(567g) Tuning CO2 Binding in Metal-Organic Framework Materials through Control over Metal Identity and Oxidation State

Despite the fact that CO₂ adsorption from point sources and ambient air are critical separations applications that have attracted the discovery and development of a range of proficient adsorbent materials, a clear understanding of atomic-level features that determine the strength of CO₂ binding still remains unclear. Metal–organic framework materials (MOFs) are endowed with multinuclear nodes that carry metals in highly well-defined coordination environments, and provide an opportunity to clearly elucidate the relationship between specific aspects of metal coordination environment and sorbate binding characteristics. In this work, we study CO₂ adsorption onto oxo-bridged trimers on MIL-100 to show that metal oxidation identity and oxidation state can be used to systematically tune CO₂ binding strength.
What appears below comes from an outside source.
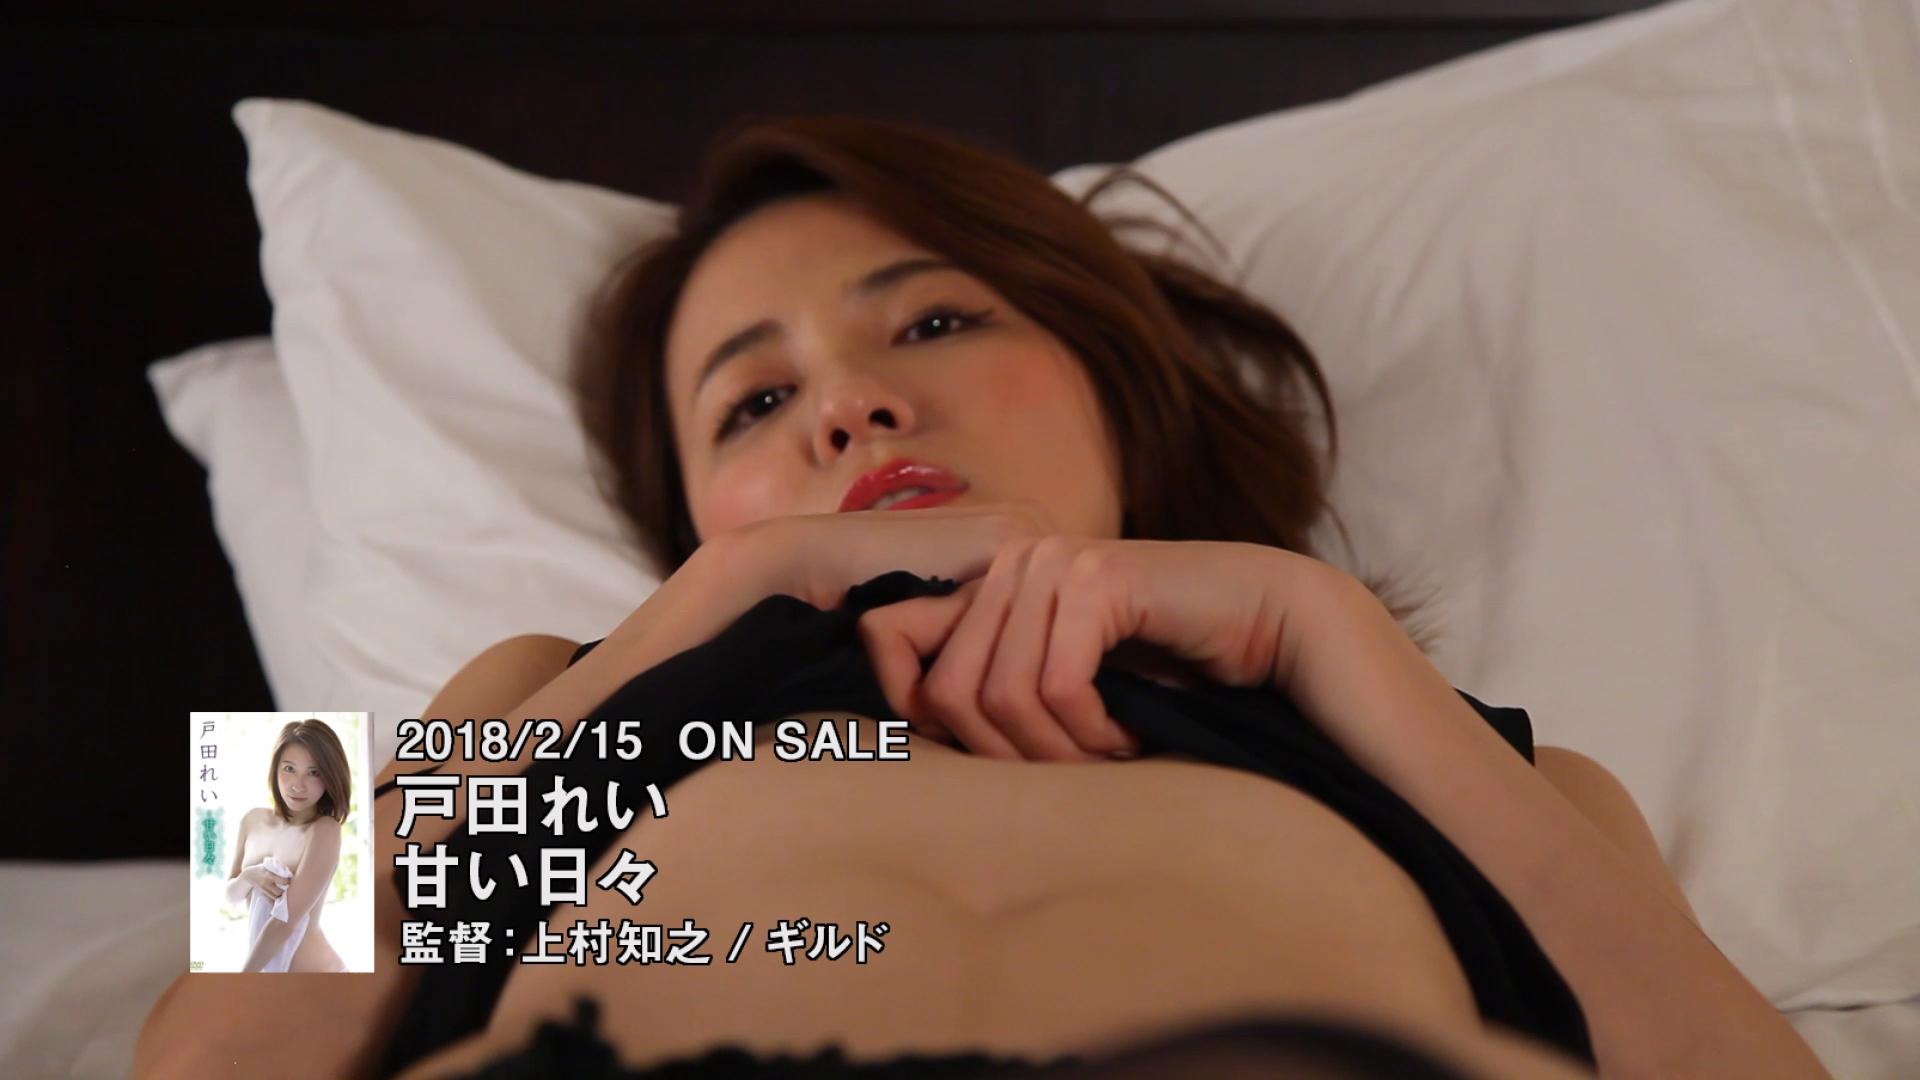 戸田れいのイメージDVDエロ画像086
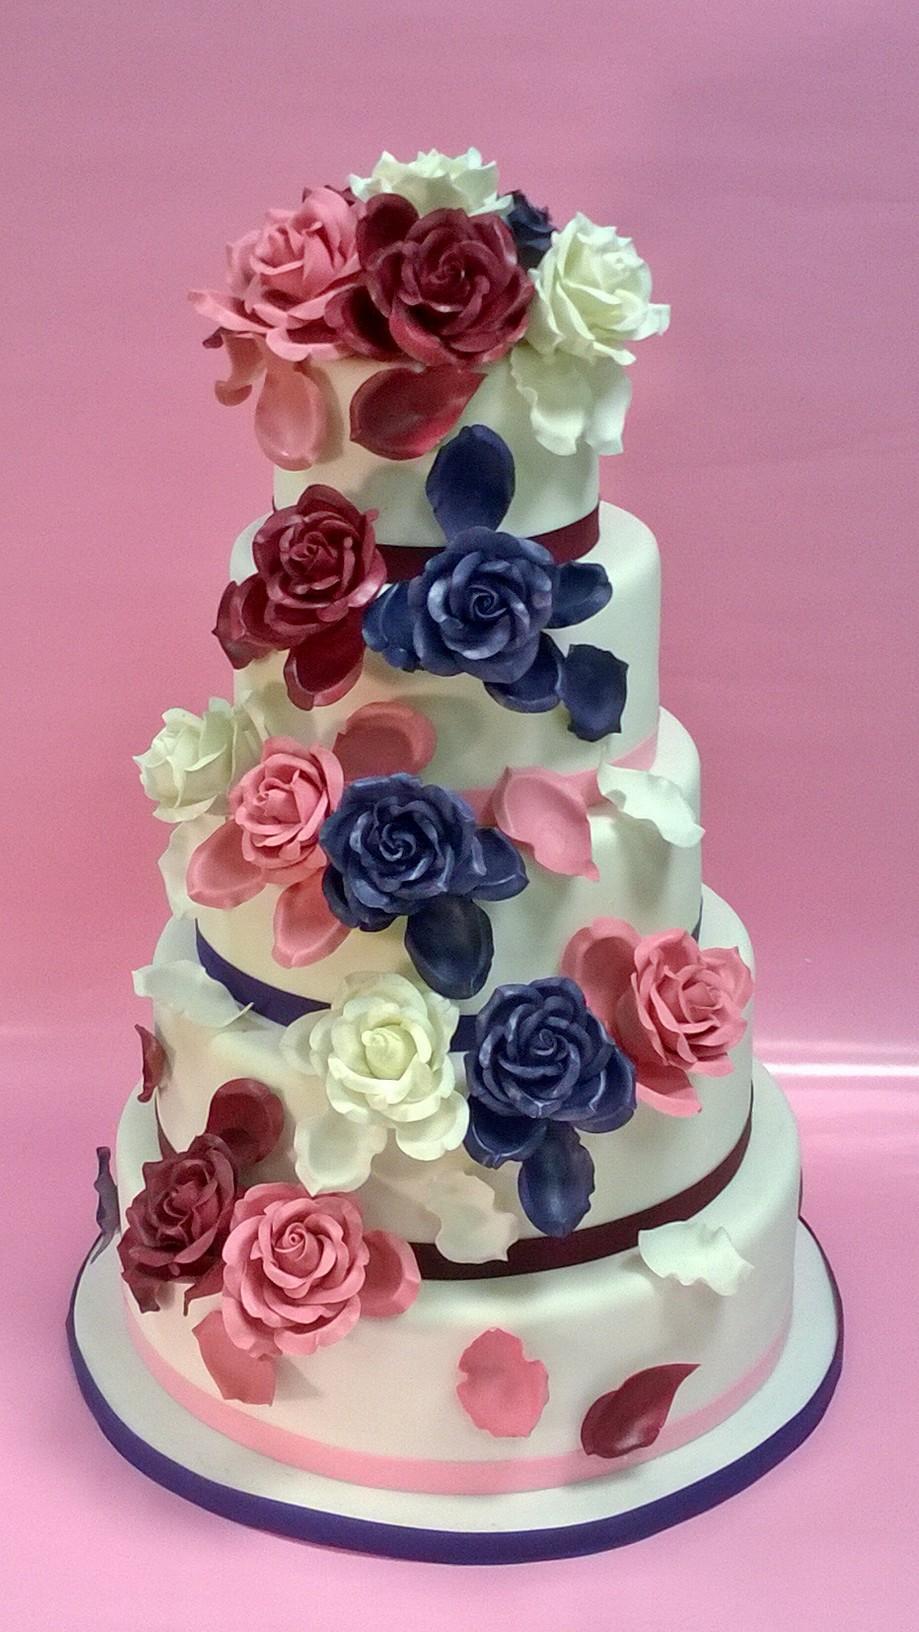 Negozi Specializzati Cake Design Milano : Design A Cake Vendita Torte Decorate Milano - MilanoMia.com

Five isostructural MIL-100(M) materials were synthesized (M = Cr, Fe, Al, Sc, Mn) and procedures for accessing M²⁺ and M³⁺ sites were developed. All MIL-100(M) variants exhibited selective binding onto M²⁺ sites compared to M³⁺ sites, and the relative binding strengths onto reduced metal sites were found to be dependent on metal identity. The higher relative CO₂ binding strength of specific metals such as chromium were rationalized based on nuclear screening effects and distortion of the octahedral coordination environment through the Jahn-Teller effect, and further supported using Density Functional Theory calculations. Our study uses a prototypical metal-organic framework material to clearly and rigorously elucidate relationships between atomic level structure and CO₂ binding characteristics that can be used more broadly in CO₂ sorbent design.